The Catcher in the Rye is a psychological novel based more on how events affect the hero’s mind than on the events themselves; therefore, the actual plot is not as important as the psychological analysis behind the action. In truth, the plot is only a loosely strung set of incidents that are combined to reveal four days in the life of Holden Caulfield. The novel is episodic in nature, and the bulk of it is narrated in the form of flashbacks. The plot is also supplemented with a number of digressions, which help to reveal more about the various characters, especially Holden himself.
Holden’s journey begins on a Saturday in December just before school closes for Christmas break. He has been informed of his expulsion from Pencey Prep School. What worries him most about being kicked out of school is his parents’ reaction, for he has already been expelled from other educational institutions. He cannot bear to remain in the dormitory after he has been beaten up by his roommate Stradlater and on a whim, he decides to leave the same night. However, he does not want to face his parents until they have recovered from the news of the expulsion. He decides to stay in a cheap hotel in New York City, going home only on the day he was originally expected.
The novel charts Holden’s experiences over a period of about forty hours, starting from the time he leaves Pencey Prep. Holden encounters a large number of people as he traverses the city of New York and goes into nightclubs. Lonely and desperate, he accepts the offer of the hotel elevator operator to find him a prostitute, but he fails to have sex with her and fights with her pimp. The next day, he calls an old girlfriend, Sally Hayes, takes her ice-skating, and tries to convince her to run away with him.
Holden looks for some degree of understanding and acceptance from all the characters he encounters, even taxi drivers, but he is denied his needs. As a result, Holden feels dislocated, as though he does not belong anywhere, and he is right. It becomes obvious through his encounters that he is in an entirely different orbit than the rest of the world. Each time Holden extends himself, he is rewarded with rejection, until he is finally driven to almost a schizophrenic state. With his mental health deteriorating, Holden returns to his parents’ home, where things are no better for him.

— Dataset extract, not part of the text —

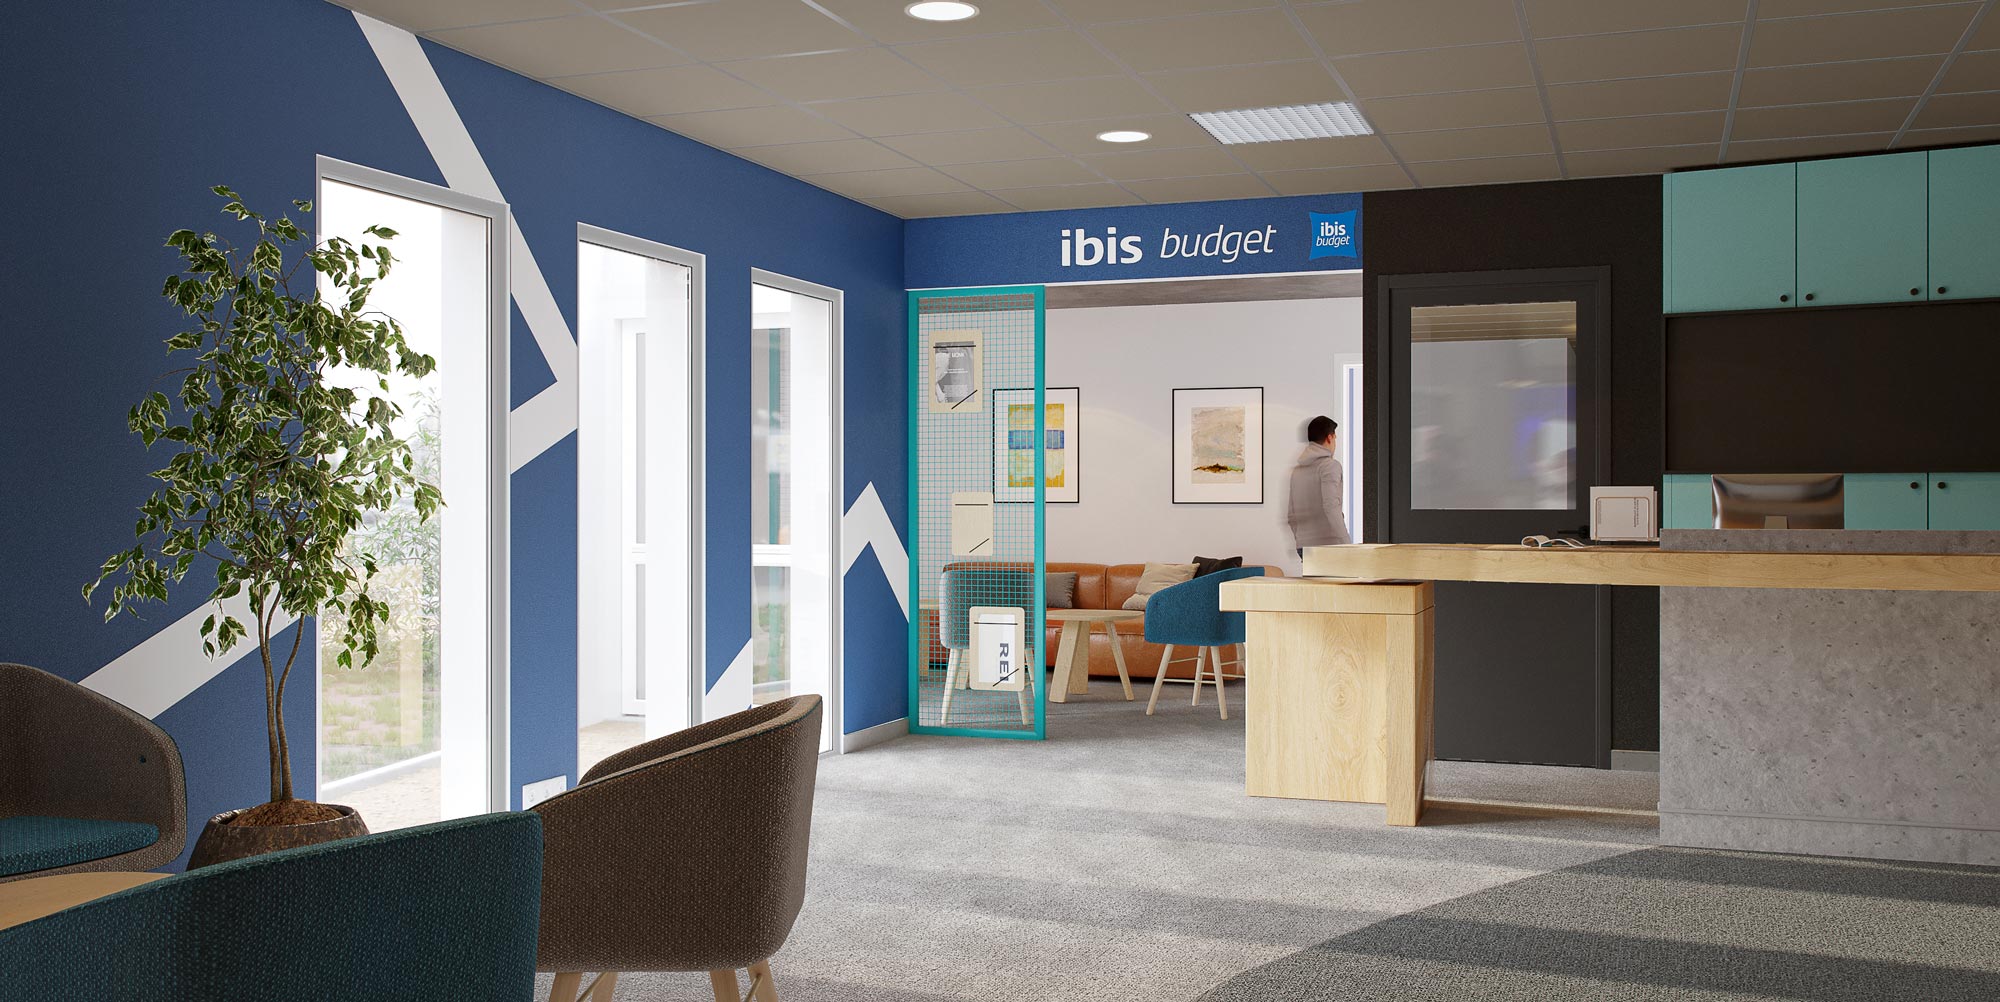 Perspective de l'accueil de l'hôtel Ibis Budget de Pontivy réalisé par Option d'Intérieur
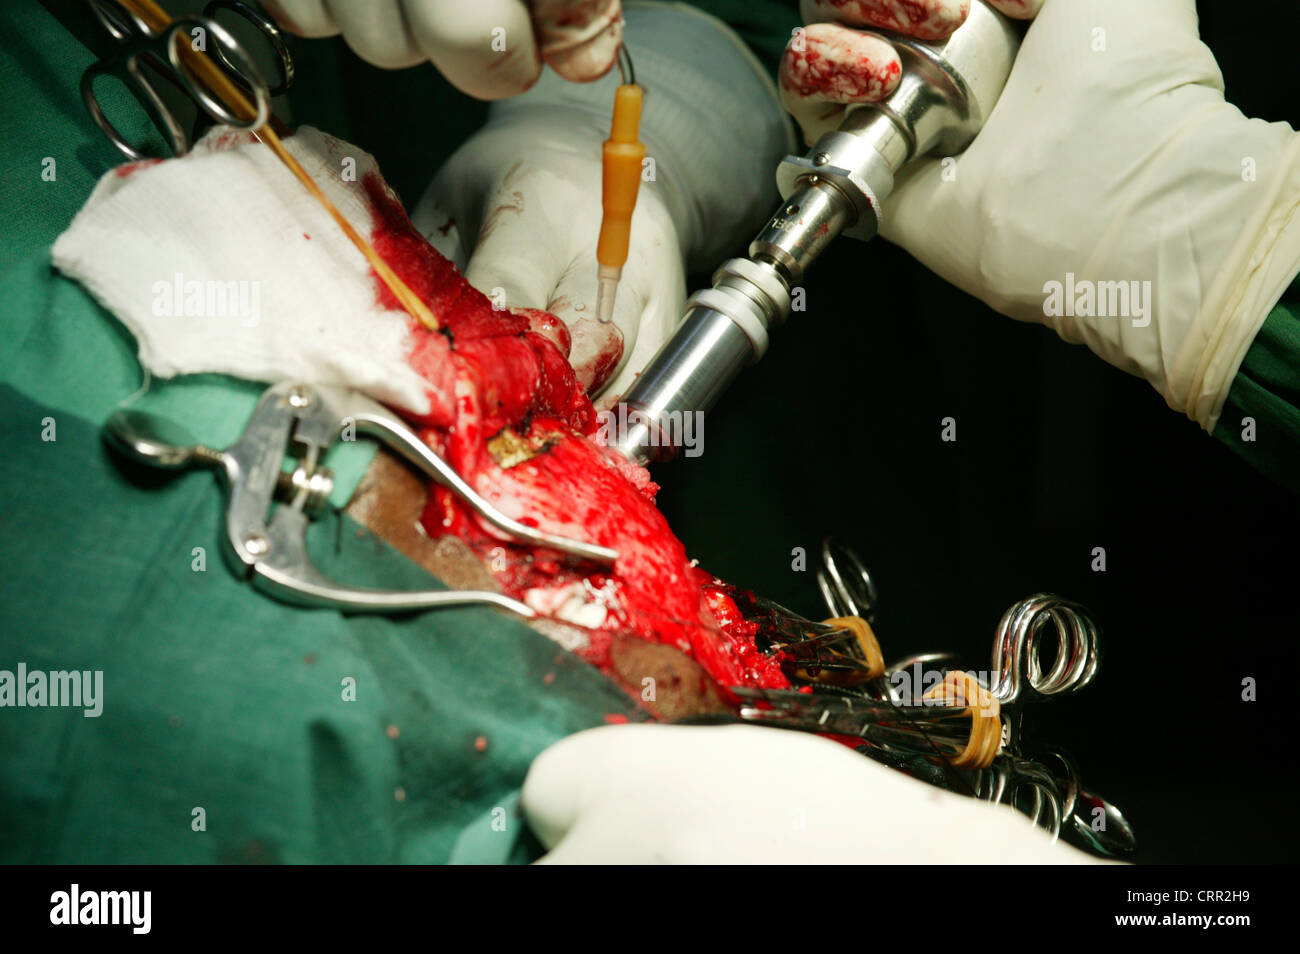 Ein High-Speed-Drill wird verwendet, um durch den Schädel, so dass der Chirurg das Gehirn während der Neurochirurgie Zugang zu durchdringen. Stockfoto

Even his young sister, Phoebe, questions his negativism and asks him to name one thing he would like to be. Holden replies that he would like to be "the catcher in the rye" and explains that his job would be to prevent the children, who are playing nearby in a field of rye, from going over the cliff. More distressed than ever, Holden goes to see Mr. Antolini, his former English teacher. When the teacher makes sexual advances, Holden flees in horror. Returning home, Holden experiences a complete mental breakdown and is sent to a psychiatric center in California for treatment.